Good morning everyone.
I would like to rescue the virus from clones.
Now I have 4 inserts of DNA.
DNA 1: ~4.5kb (digested by AscI/PacI)
DNA 2: ~4.7kb (digested by PacI/KpnI)
DNA 3: ~4.5kb (digested by KpnI/NaeI)
DNA 4: ~7.4kb (digested by NaeI/BamHI)
My vector has a size of ~14kb (digested by AscI/BamHI)
I did ligase by T4 DNA ligase kit with 225ng of vector and ratio vector:insert=1:3 for each insert DNA. The ligation mixture was incubated at 14oC for 20h and transformed it to DH10B by electroporation. The condition of the electrical pulse is 25uF, 2.5kV & 200Ω with 0.2cm cuvette.
After incubating the plate overnight at 37oC, I have many colonies on my plate. I confirm the positive colony by Colony PCR to check the binding between DNA1/2, 2/3 & 3/4. But I had nothing on gel after PCR.

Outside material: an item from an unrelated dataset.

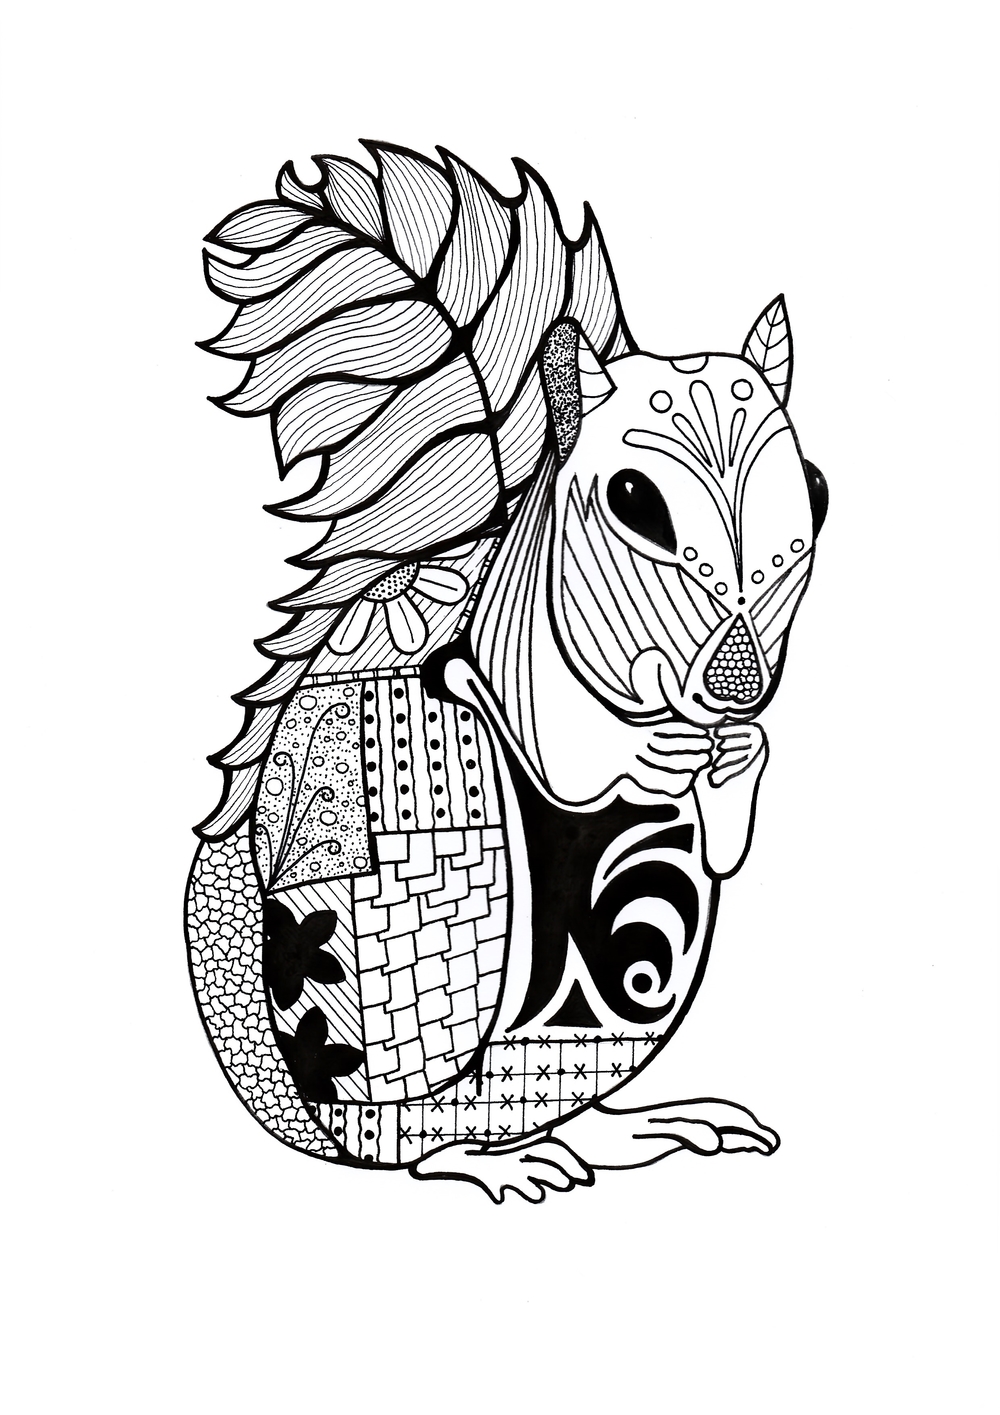 Download Intricate Squirrel Adult Coloring Page | FaveCrafts.com

Also, I perform 2-step ligation.
Step 1 is setup ligation DNA1/2 & DNA3/4 with the same incubation condition. I confirmed ligase mixture by gel and see the band that I need. At step 2, I added more buffer, DNA vector and T4 DNA ligase and do the same incubation condition. After transformation, I also had many colonies but after perform Colony PCR, I still had no band on gel.
What should I do?
Thank you everyone for read and reply to my trouble.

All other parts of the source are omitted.